En los años de su gobierno, nos acostumbramos a escuchar que cualquier manifestación popular que no respondía a un pliego preciso y coherente de reivindicaciones era “genérica” o, directamente, propia de gente que no sabe de qué quejarse. De uno u otro modo, era la excusa perfecta para considerar que, a pesar de detentar el poder, los jerarcas K no tenían por qué responder a los reclamos de gente que simplemente estaba descontenta. Ahora el kirchnerismo dio otro paso en la creatividad contestataria: marcharon, cortaron calles, agredieron a periodistas y no reclamaron nada demasiado concreto. ¿Qué fueron a hacer? ¿Por qué salieron a la calle? ¿Ellos lo saben? Vale la pena detenerse en estas cuestiones.
En el juzgado de Bonadio, Cristina tenía que responder por qué su administración vendió a diez lo que valía quince, con un saldo negativo de setenta y un mil millones de pesos. Había sido llamada a explicar las razones de esa horrible transferencia de ingresos hacia los especuladores financieros nacionales, incluyendo miembros del actual gobierno, y –principalmente- internacionales. La ex presidenta no sólo no explicó nada de eso, sino que ni siquiera consideró que debía usar la palabra frente a los funcionarios judiciales. ¿Por qué habría de hacerlo ahora luego de ocho años de no responder ante nadie?
Su militancia se entregó a la fiesta del retorno, tantas veces vaticinado en tan poco tiempo, y pudo deleitarse nuevamente con las construcciones retóricas de “la Jefa” luego de algunos meses de silencio. En este caso, la relación masa-líder es directa, sin intermediarios, y es –según nos dicen- un sentimiento “que no se puede explicar”. Algunos referentes del kirchnerismo, sin embargo, hicieron el esfuerzo de plasmar en palabras esta conexión tan misteriosa. Así, Luis D’Elía nos informó que “si Cristina queda detenida, se acaba la democracia”.

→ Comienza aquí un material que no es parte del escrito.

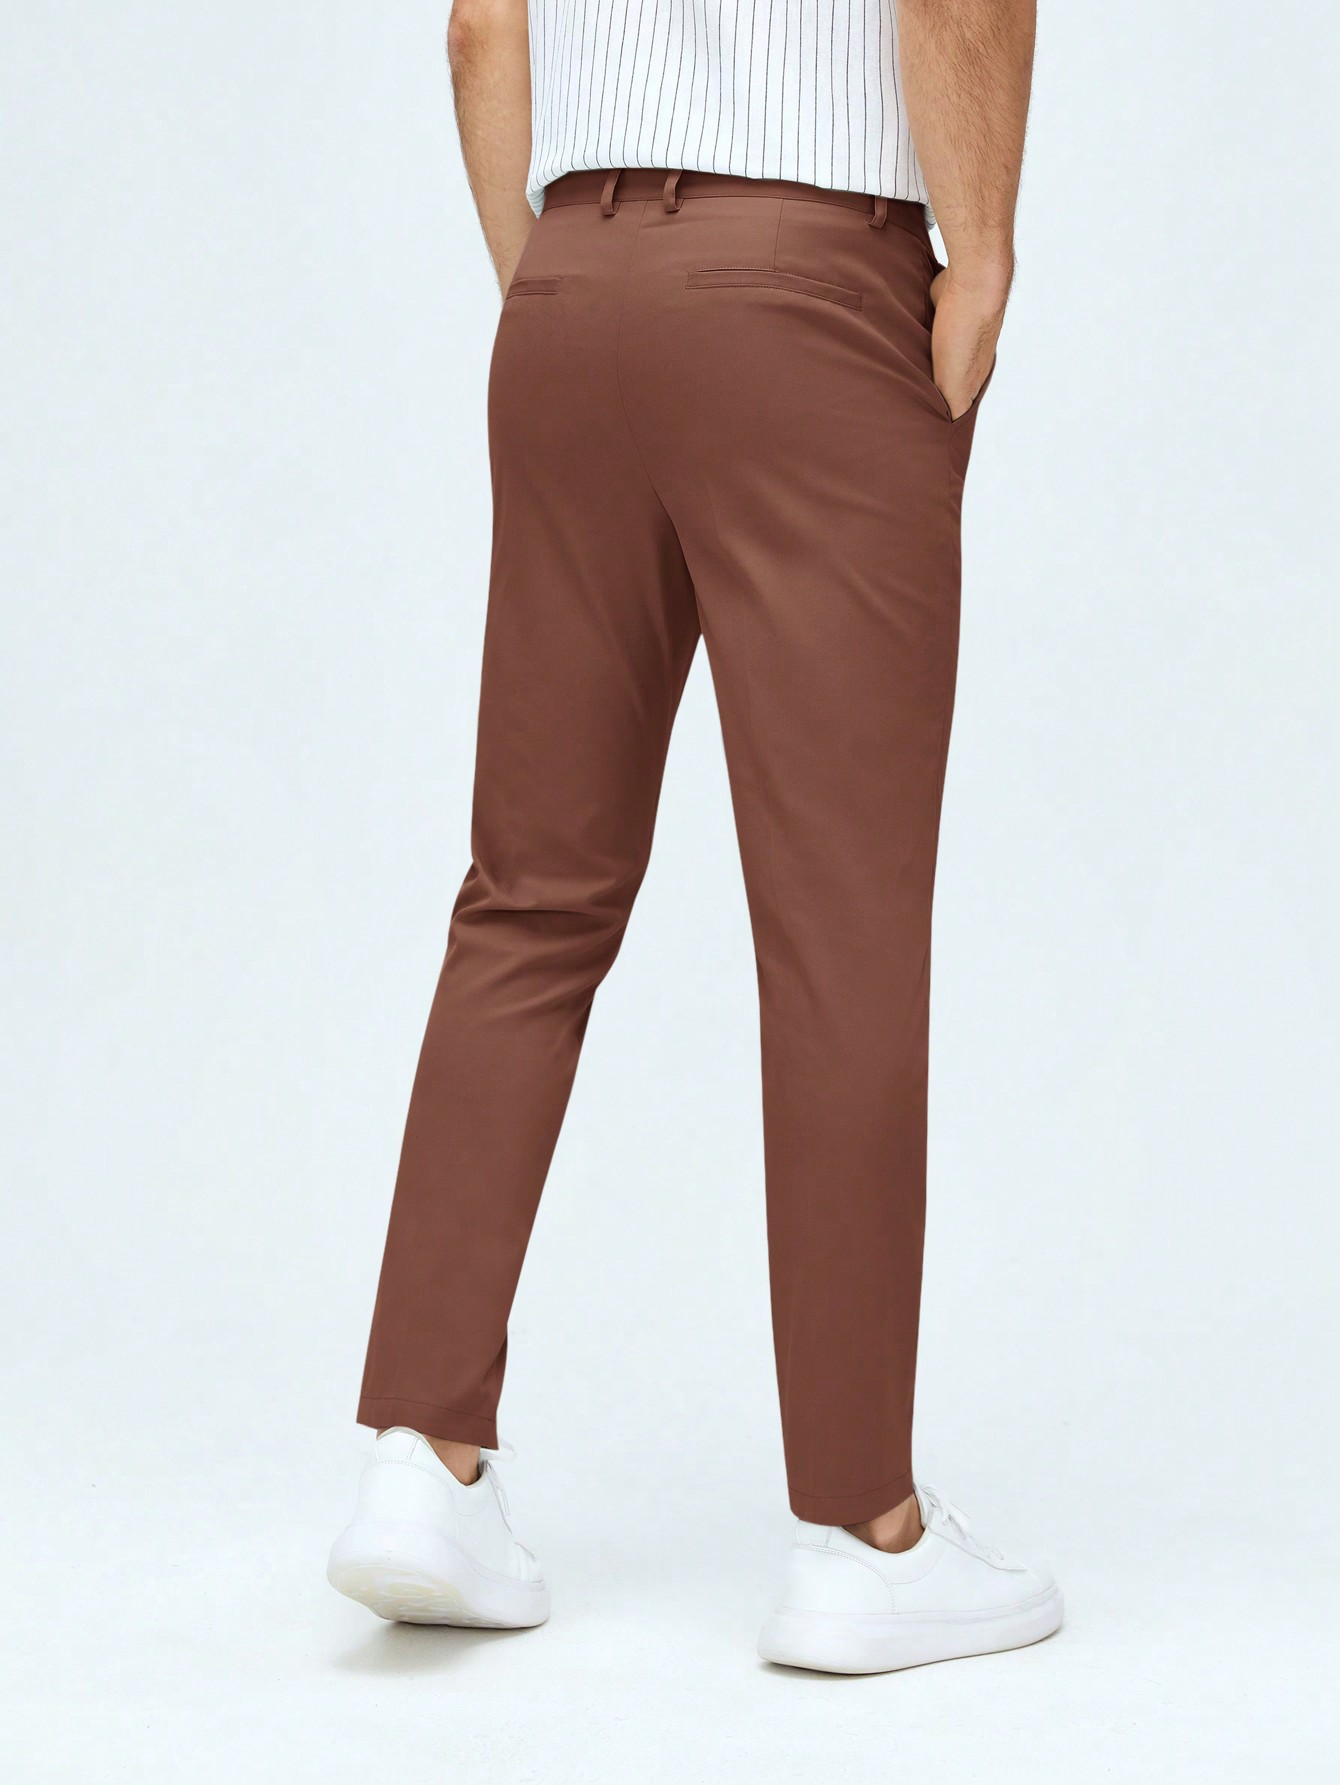 Мужские классические классические брюки из тканого материала с боковыми карманами Manfinity Mode, коричневый

A los demás, sin embargo, no nos preocupó demasiado que el espectáculo de la militancia cruzara tan nítidamente los límites de la racionalidad. Por el contrario, amplios sectores de la sociedad (incluso críticos del anterior gobierno) vieron ese comportamiento como una maniobra más de genialidad política y hasta llegaron a interpretar que la citación le daría a la ex presidenta un escenario perfecto para sellar su impunidad, cuando es sabido que es ésta una de las causas que menos la preocupan. Hay un mundo de diferencia entre la ardua demostración de una asociación ilícita en esta operatoria del Banco Central, por dañina que haya sido, y la evidencia palpable de lavado que invade a cualquiera que se detiene a leer un poco sobre Hotesur S.A.
A casi todos los argentinos, incluidos algunos periodistas detestados por el kirchnerismo, nos pareció un detalle menor y poco interesante que, ya expirado el pacto de impunidad que dominó la década pasada, los poderosos estén bajando a los juzgados a responder por sus actos. Lamentablemente, la gran mayoría rescató de la visita de la ex presidenta tan sólo una cifra: el número de militantes que la sigue apoyando en la calle o en las redes sociales, esa nueva “calle”. Otros reclamaron represión y mano dura sin detenerse a pensar ni un segundo en las miles de personas que se hallaban ahí.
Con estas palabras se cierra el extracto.